Reputation: 535
I am trying to fill null values in a numeric table using duckdb.
Let's consider the simple table df
:
x | y |
---|---|
0 | 2.0 |
1 | NULL |
3 | NULL |
5 | 7.0 |
6 | 4.0 |
8 | 5.0 |
9 | NULL |
that you can create with
CREATE TABLE df (x NUMERIC, y NUMERIC)
INSERT INTO df VALUES (0, 2), (1, NULL), (3, NULL), (5, 7), (6, 4), (8, 5), (9, NULL)
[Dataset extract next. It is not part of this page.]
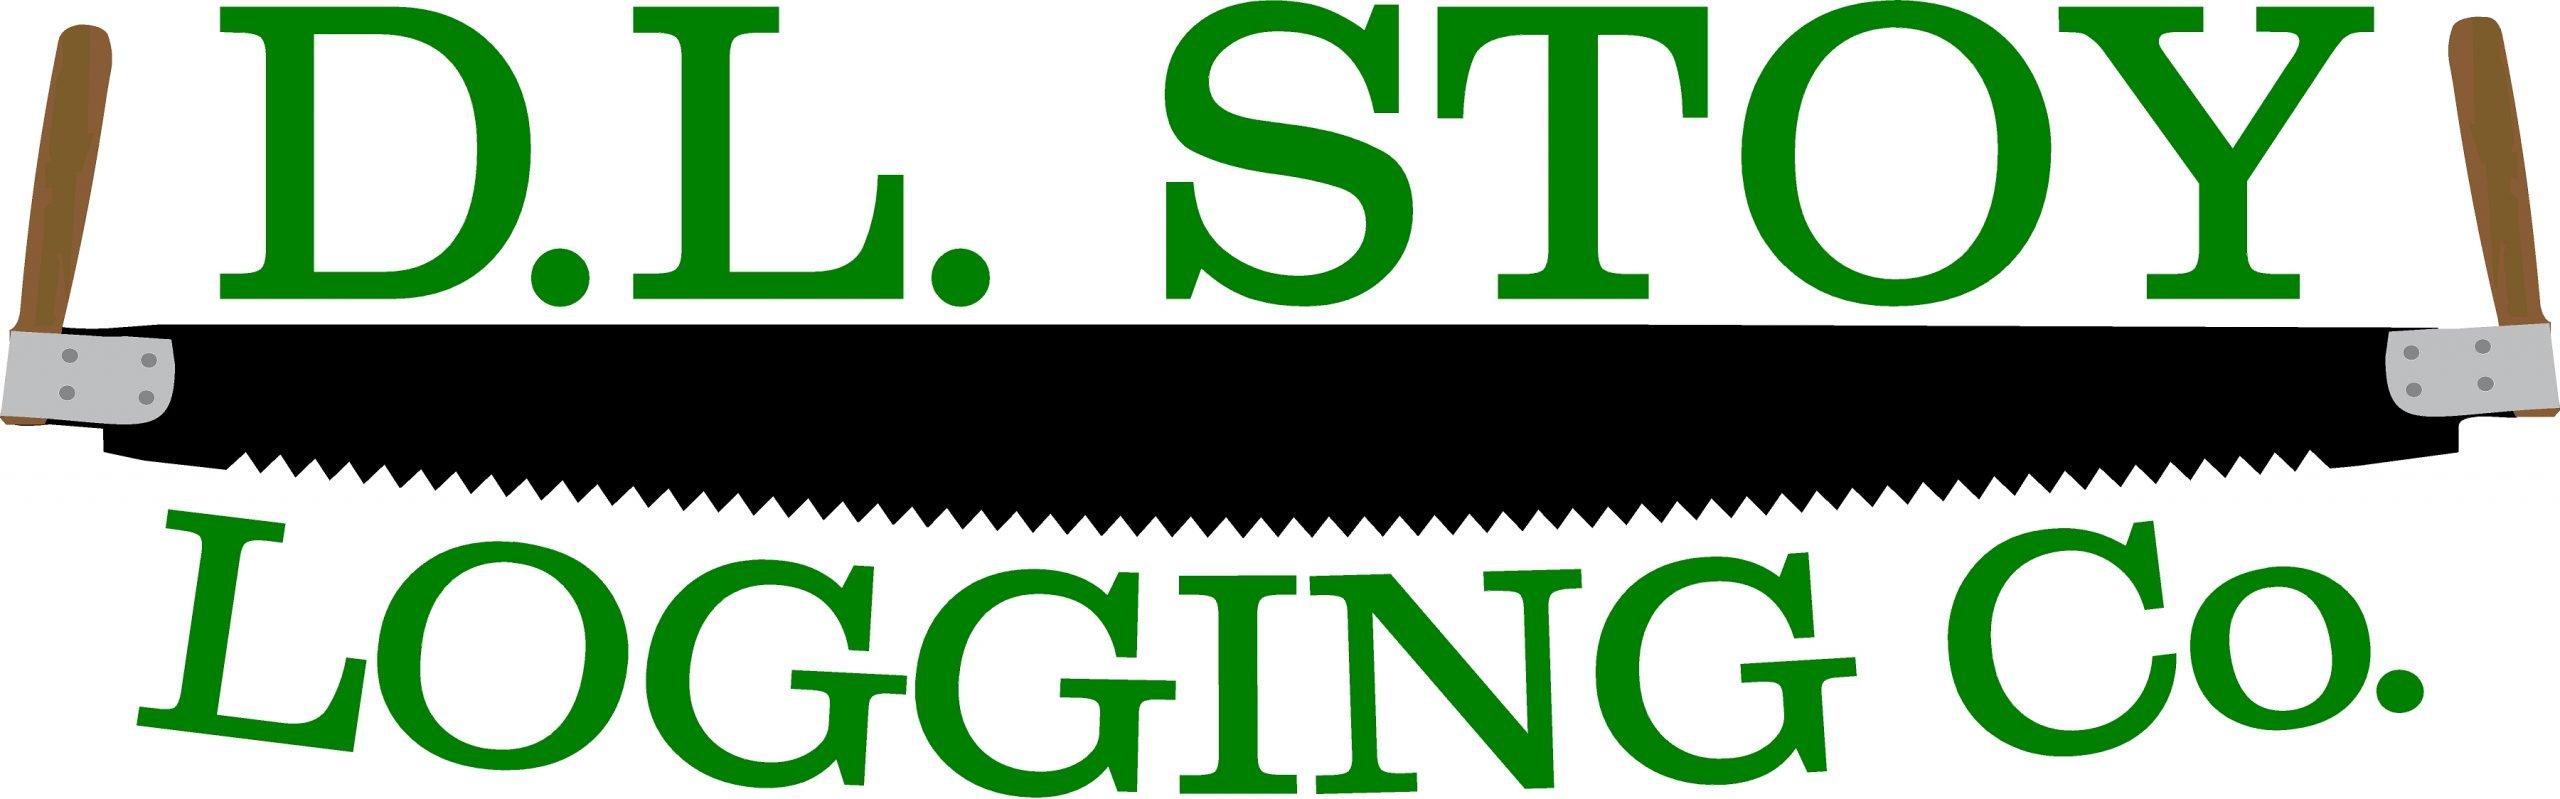 DL Stoy Logging Co.

then i would like to create a SELECT statement to retrieve:
x | y |
---|---|
0 | 2.0 |
1 | 3.0 |
3 | 5.0 |
5 | 7.0 |
6 | 4.0 |
8 | 5.0 |
9 | NULL |
I think that a correlated subquery which finds the following and previous non-null values and then computes the interpolation should work:
SELECT
x,
COALESCE(
y,
(
SELECT
prev.y + ( (next.y - prev.y) * (parent.x - prev.x) / (next.x - prev.x) )
FROM
( SELECT x, y FROM df WHERE x <= parent.x and y is not null ORDER BY x DESC LIMIT 1 ) AS prev
CROSS JOIN
( SELECT x, y FROM df WHERE x >= parent.x and y is not null ORDER BY x ASC LIMIT 1 ) AS next
)
) AS y
FROM
df parent
But duckdb is complaining with
INTERNAL Error: Failed to bind column reference "limit_rownum" [30.0] (bindings: [8.0 8.1 8.2 28.0])
EDIT: Adjusted the example to ensure that x
and y
columns are both taken into account for interpolating the gaps.
Upvotes: 1
Views: 947
Reputation: 35583
I believe you can bypass the error message by adopting row_number() as proposed in this duckdb bug reference. nb: The fiddle below uses postgres as I'm unable to test in duckdb:
CREATE TABLE df (x NUMERIC(3,1), y NUMERIC(3,1));
INSERT INTO df VALUES (0, 2), (1, NULL), (3, NULL), (5, 7), (6, 4), (8, 5), (9, NULL)
SELECT
x,
COALESCE(
y,
(
SELECT
prev.y + ( (next.y - prev.y) * (parent.x - prev.x) / (next.x - prev.x) )
FROM
( SELECT x, y, ROW_NUMBER() OVER (ORDER BY x DESC) as rn FROM df WHERE x <= parent.x and y is not null ) AS prev
CROSS JOIN
( SELECT x, y, ROW_NUMBER() OVER (ORDER BY x ASC) as rn FROM df WHERE x >= parent.x and y is not null ) AS next
WHERE
prev.rn = next.rn
)
) AS y
FROM
df parent
x | y |
---|---|
0.0 | 2.0 |
1.0 | 3.00000000000000000000 |
3.0 | 5.0000000000000000 |
5.0 | 7.0 |
6.0 | 4.0 |
8.0 | 5.0 |
9.0 | null |
Upvotes: 2